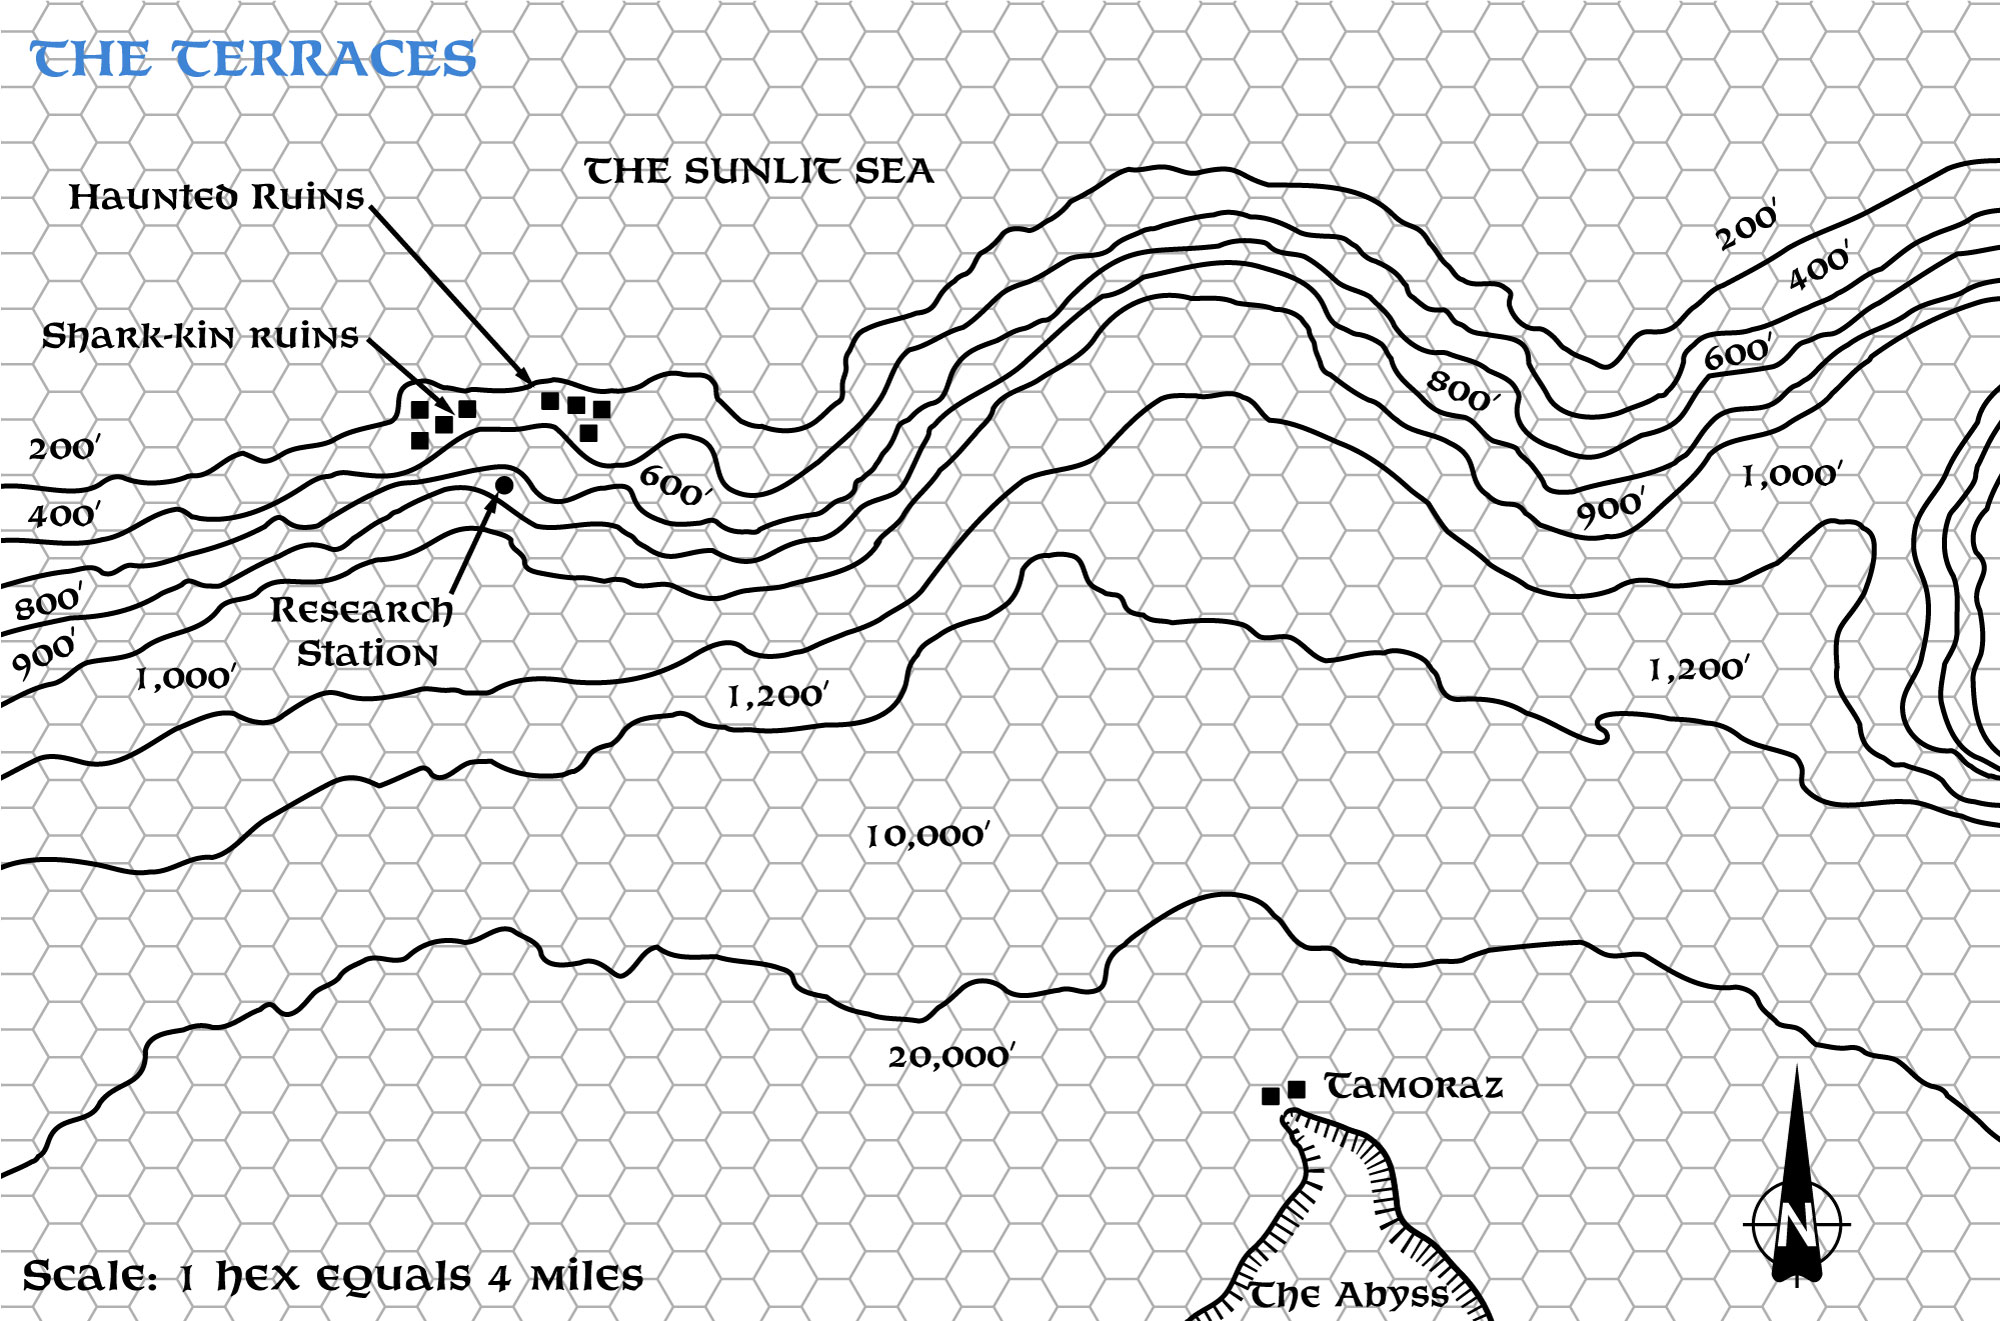 Replica of PC3’s map of The Terraces, 4 miles per hex
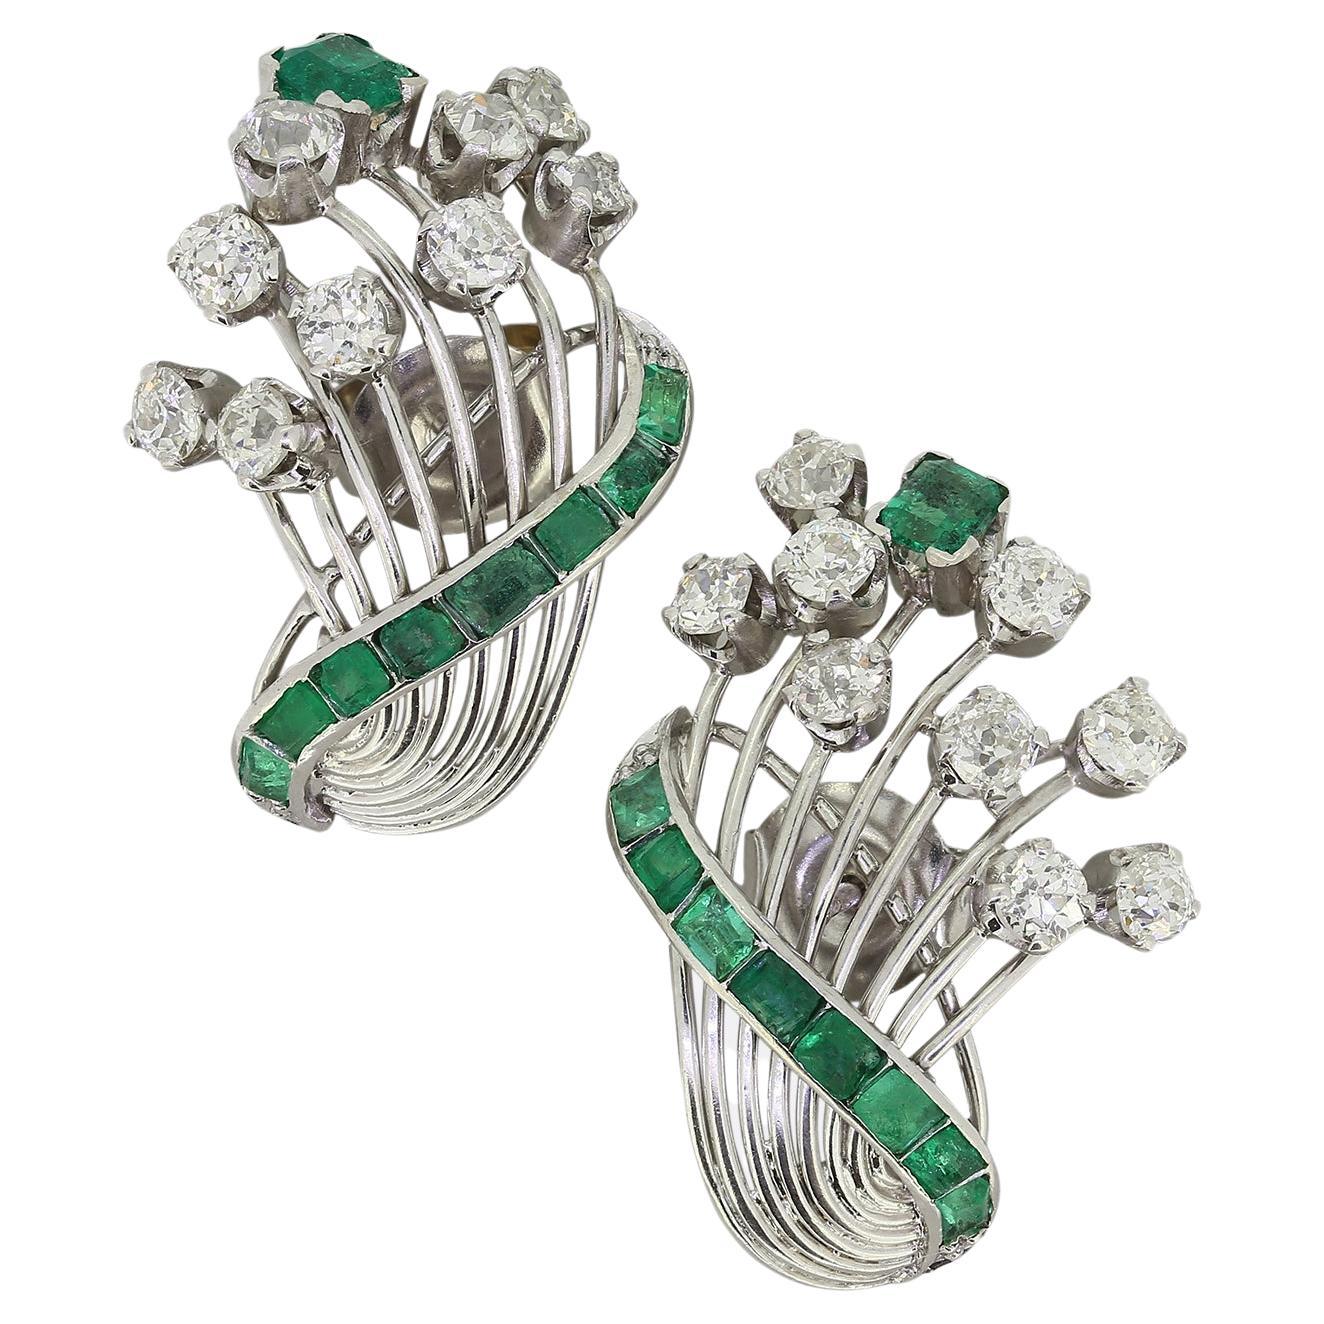 Retro 1950s Emerald and Diamond Earrings
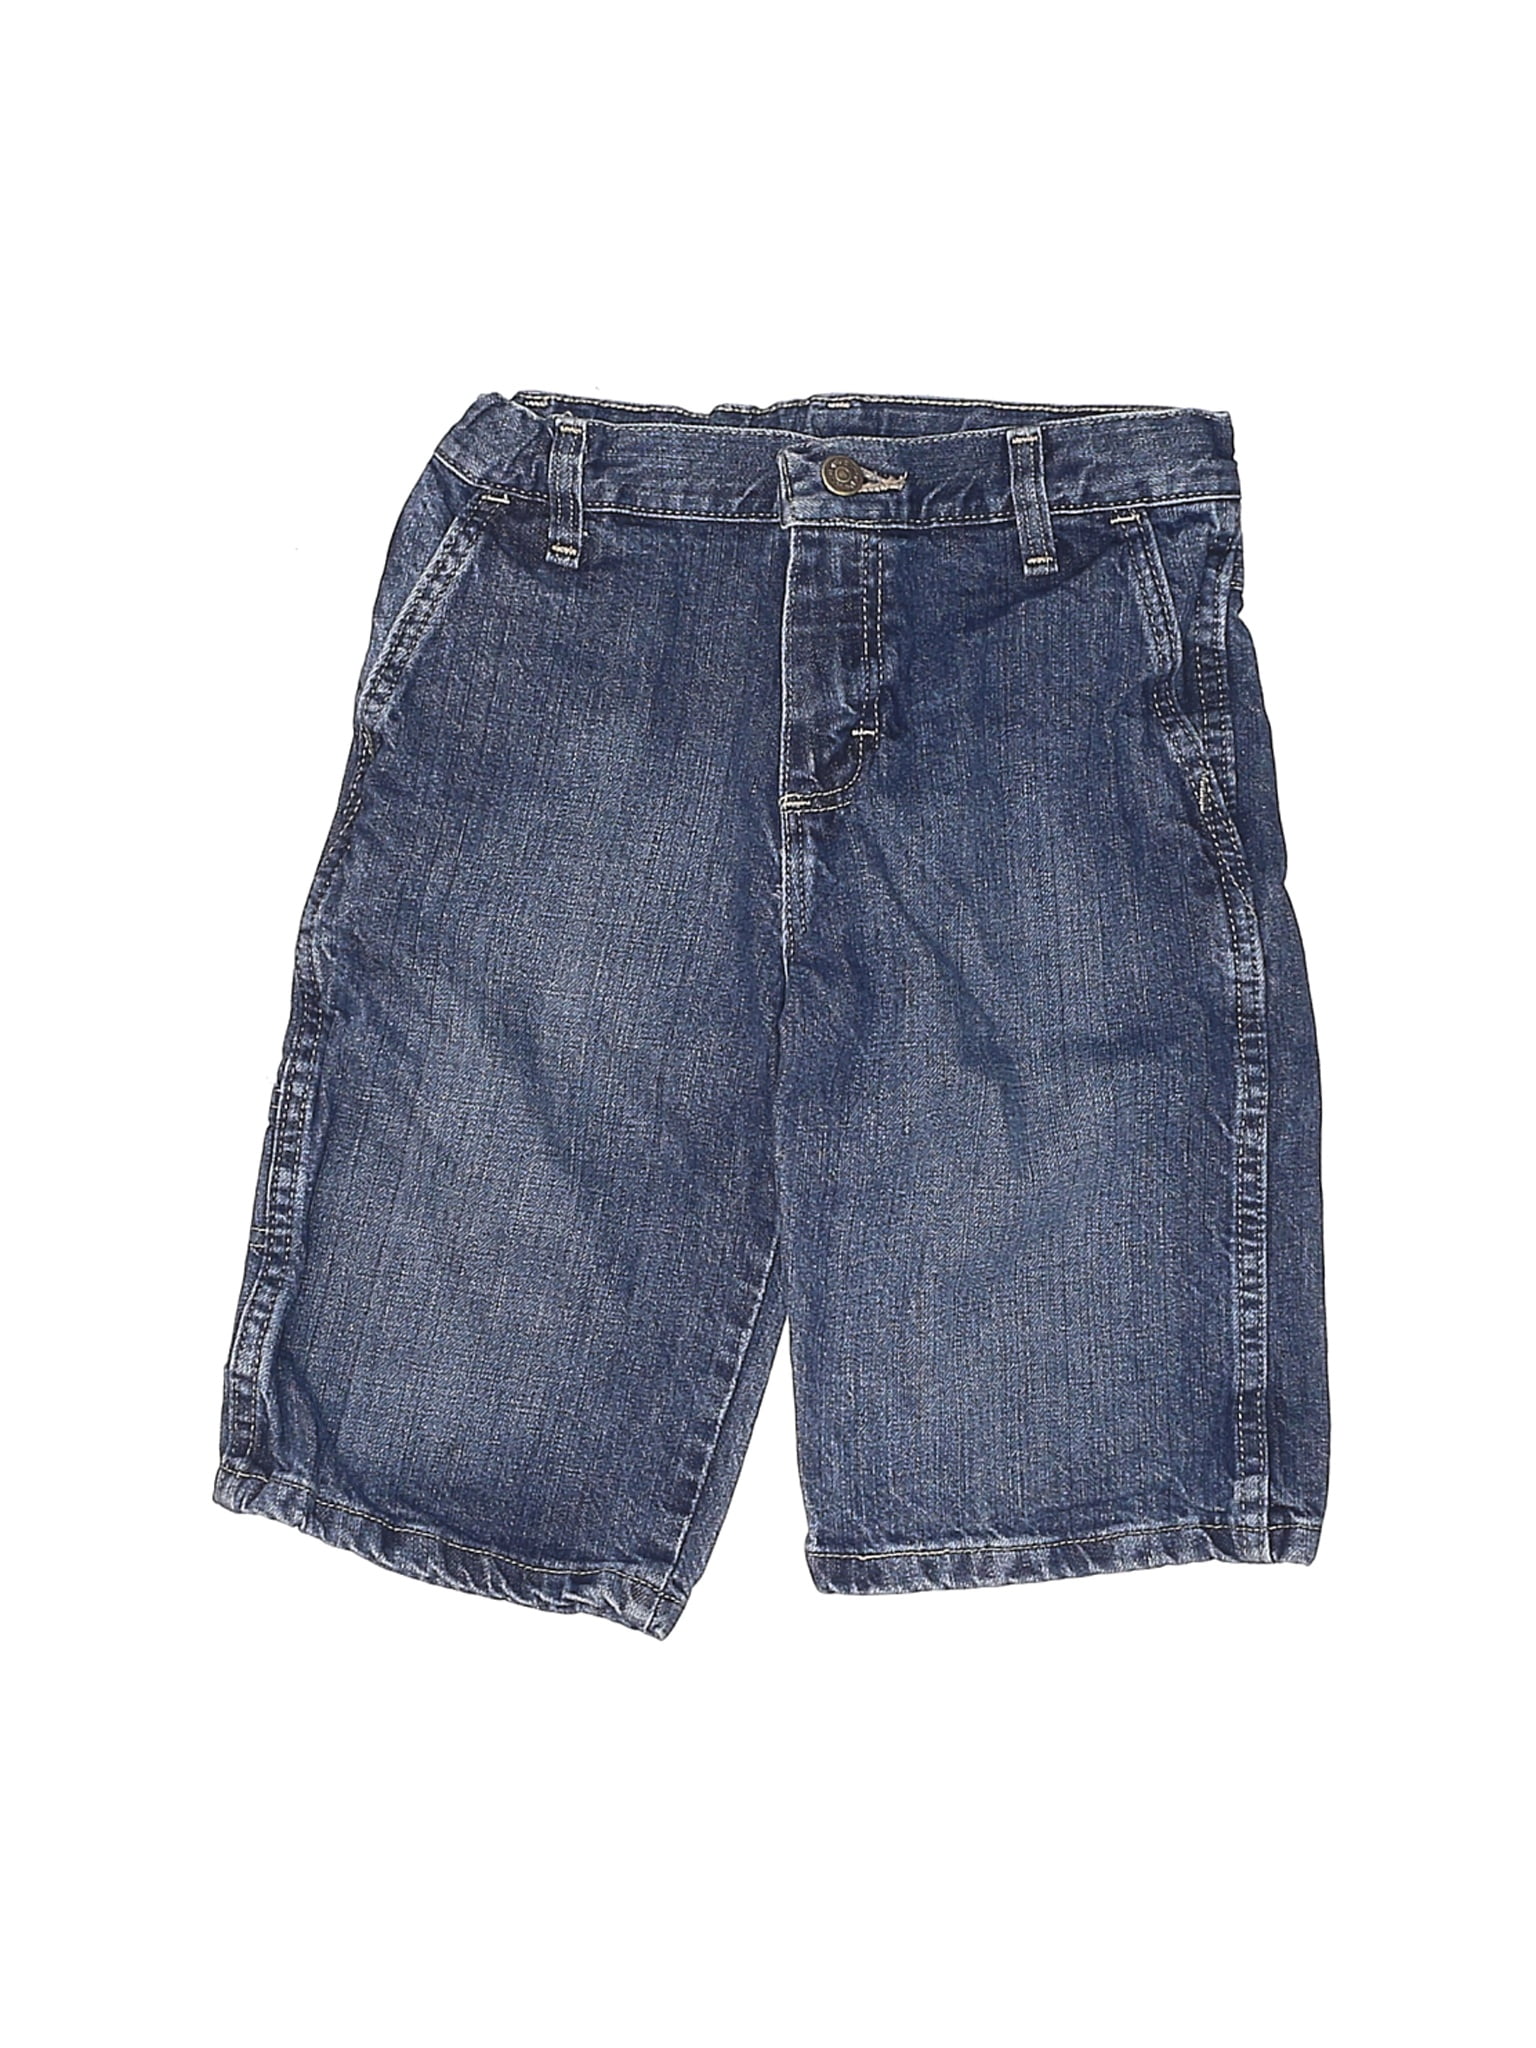 boys jean shorts size 10
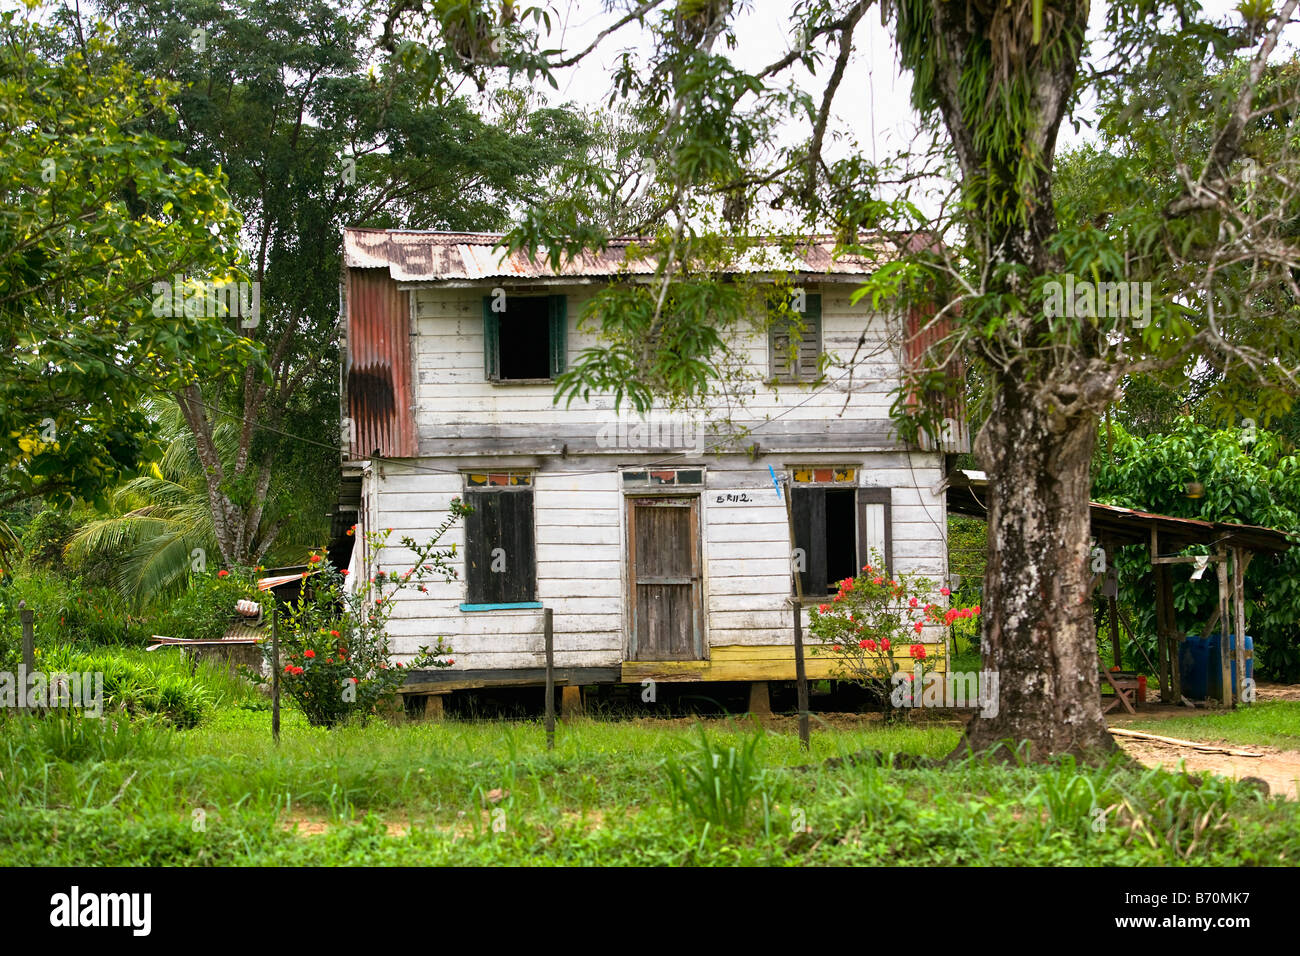 Surinam, Paramaribo, antigua casa de campo Fotografía de stock - Alamy

- [Goal of the exercise]
Nothing should be printed except the lines from the one with "Retro 1950s Emerald and Diamond Earrings" through the last line of the listing above, both ends included; please drop the pictures.

- [Exercise answer]
 Retro 1950s Emerald and Diamond Earrings
 boys jean shorts size 10
 Surinam, Paramaribo, antigua casa de campo Fotografía de stock - Alamy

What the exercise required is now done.